The XML Recommendation doesn’t really talk about mixed content or text content on its own. Instead, it specifies that any element with text in its content is a mixed content model element. Within mixed content models, text can appear by itself or it can be interspersed between elements.
The rules for mixed content models are similar to the element content model rules that you learned in the preceding section. You have already seen some examples of the simplest mixed content model — text-only:
<!ELEMENT first (#PCDATA)>
The preceding declaration specifies the keyword #PCDATA within the parentheses of the content model. PCDATA is a keyword derived from Parsed Character DATA. It simply indicates that the character data within the content model should be parsed by the parser. Here’s an example element that conforms to this declaration:
<first>John</first>
Mixed content models can also contain elements interspersed within the text. Suppose you wanted to include a description of each contact in your XML document. You could create a new element <description>:
<description>Joe is a developer and author for <title>Beginning XML</title>, now in its <detail>5th Edition</detail></description>.
In this example, you have a <description> element. Within the <description> element, the text is interspersed with the elements <title> and <detail>.

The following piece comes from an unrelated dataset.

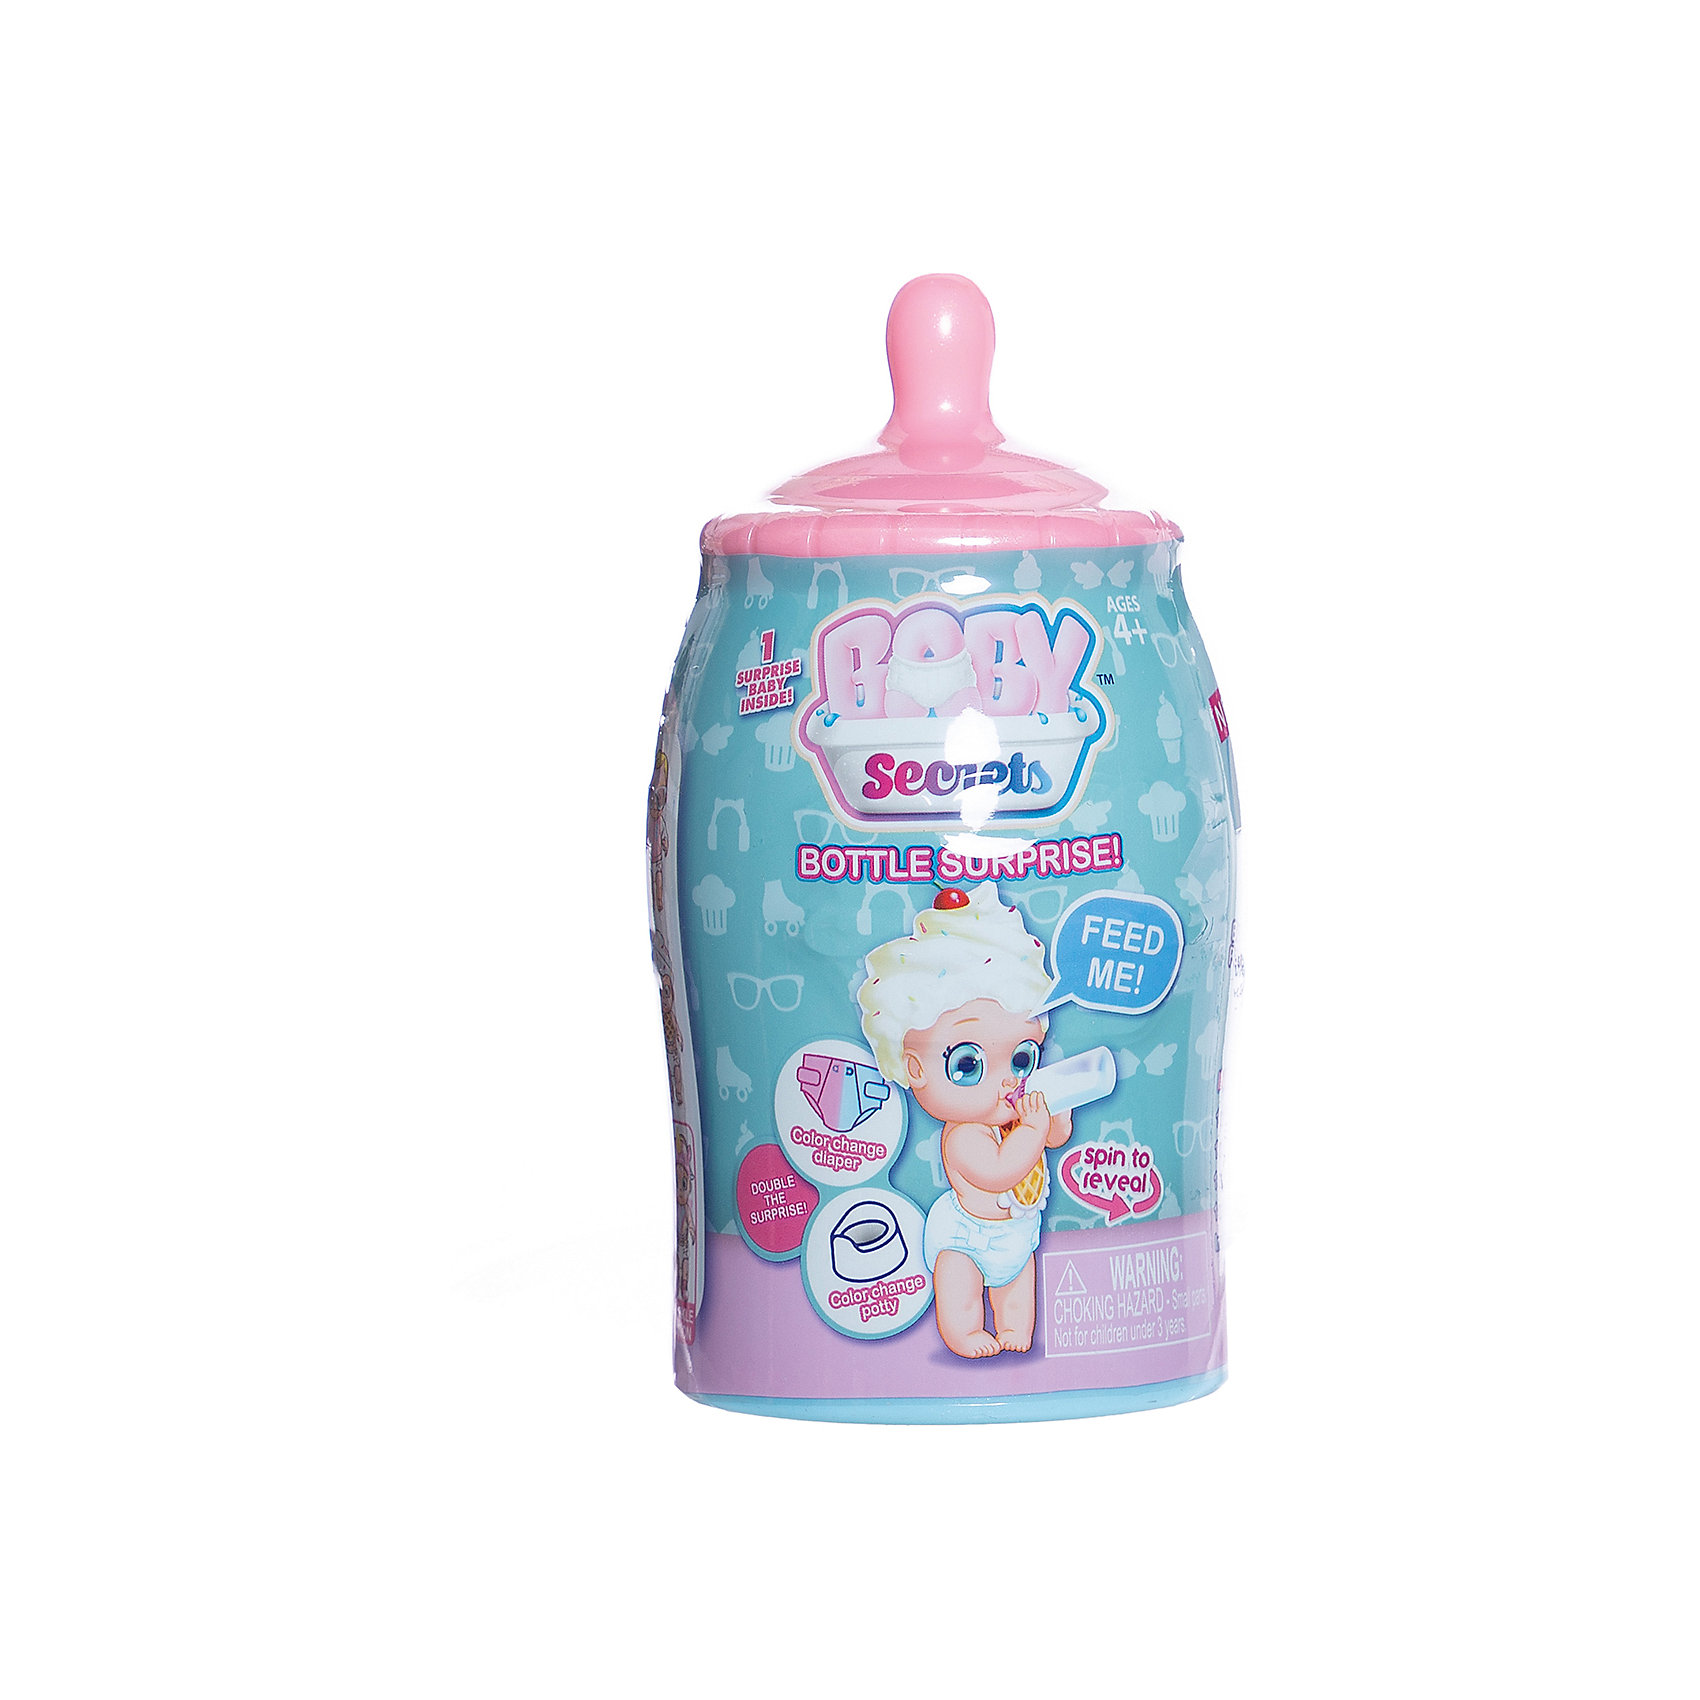 Мини-кукла Baby Secrets Bottle Surprise, в бутылочке ABtoys 13634115

There is only one way to declare a mixed content model within DTDs — by using the choice mechanism when adding elements. This means that each element within the content model must be separated by the pipe (|) character:
<!ELEMENT description (#PCDATA | title | detail)∗>
The preceding example declares the new <description> element. Notice that you use the choice mechanism to describe the content model; a pipe separates each element. You cannot use commas to separate the choices.

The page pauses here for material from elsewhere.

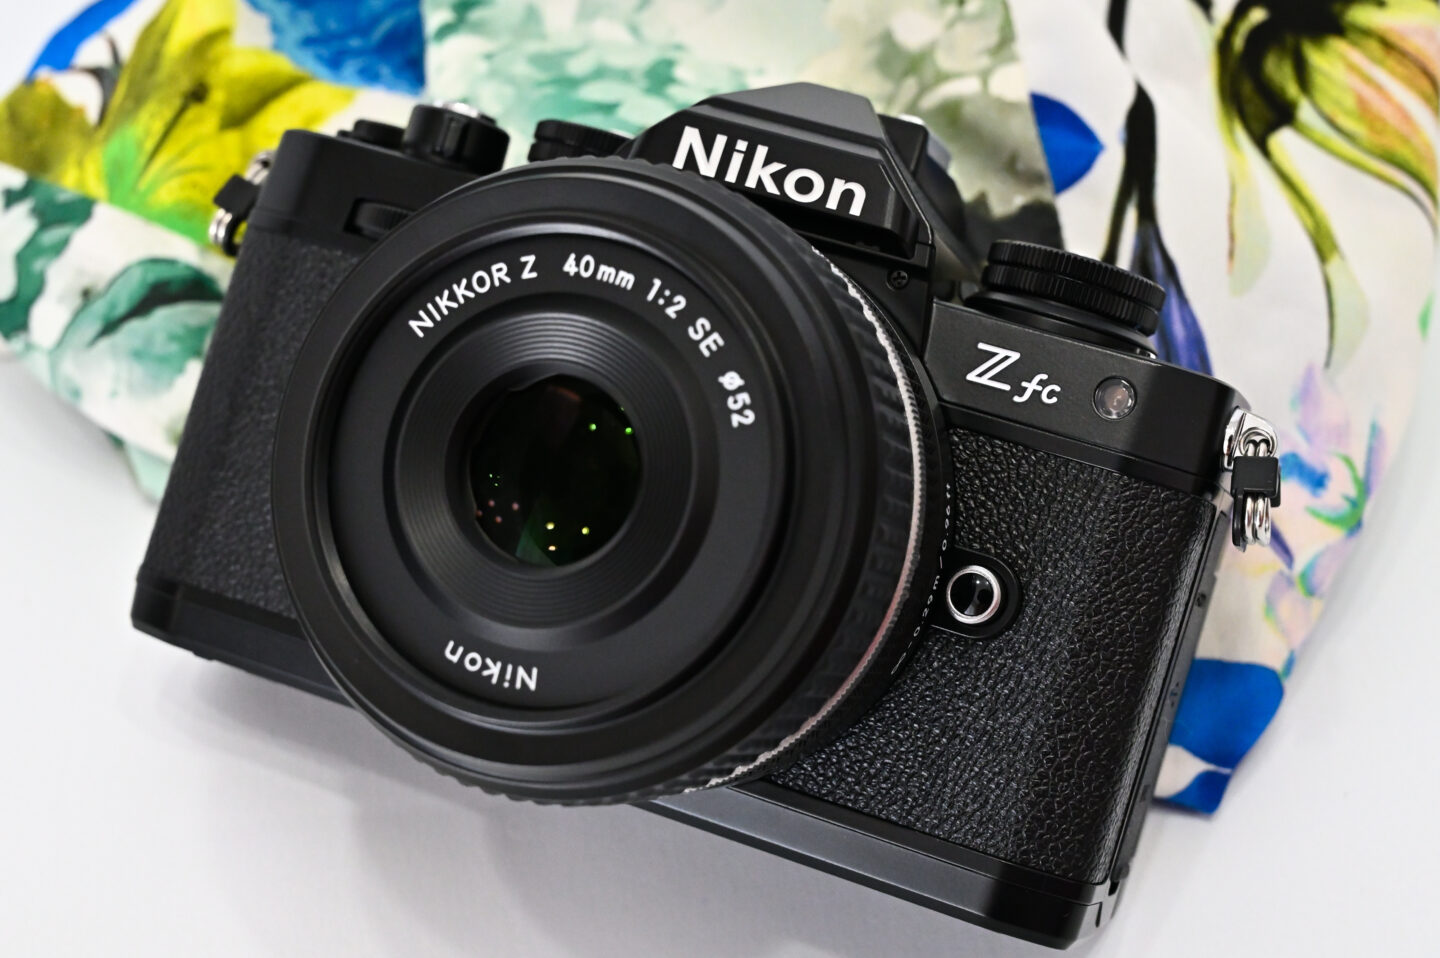 Nikon Zfc ボディ

When including elements in the mixed content model, the #PCDATA keyword must always appear first in the list of choices. Unlike element-only content models, you cannot have inner content models in a mixed declaration.
The ∗ outside the parentheses of the content model indicates that the element may appear zero or more times. You can have an unlimited number of <title> elements, an unlimited number of <detail> elements, and any amount of text. All of this can appear in any order within the <description> element. This potential variation is a limitation of validation by DTD. Later you learn how XML Schema has improved validation of mixed content models.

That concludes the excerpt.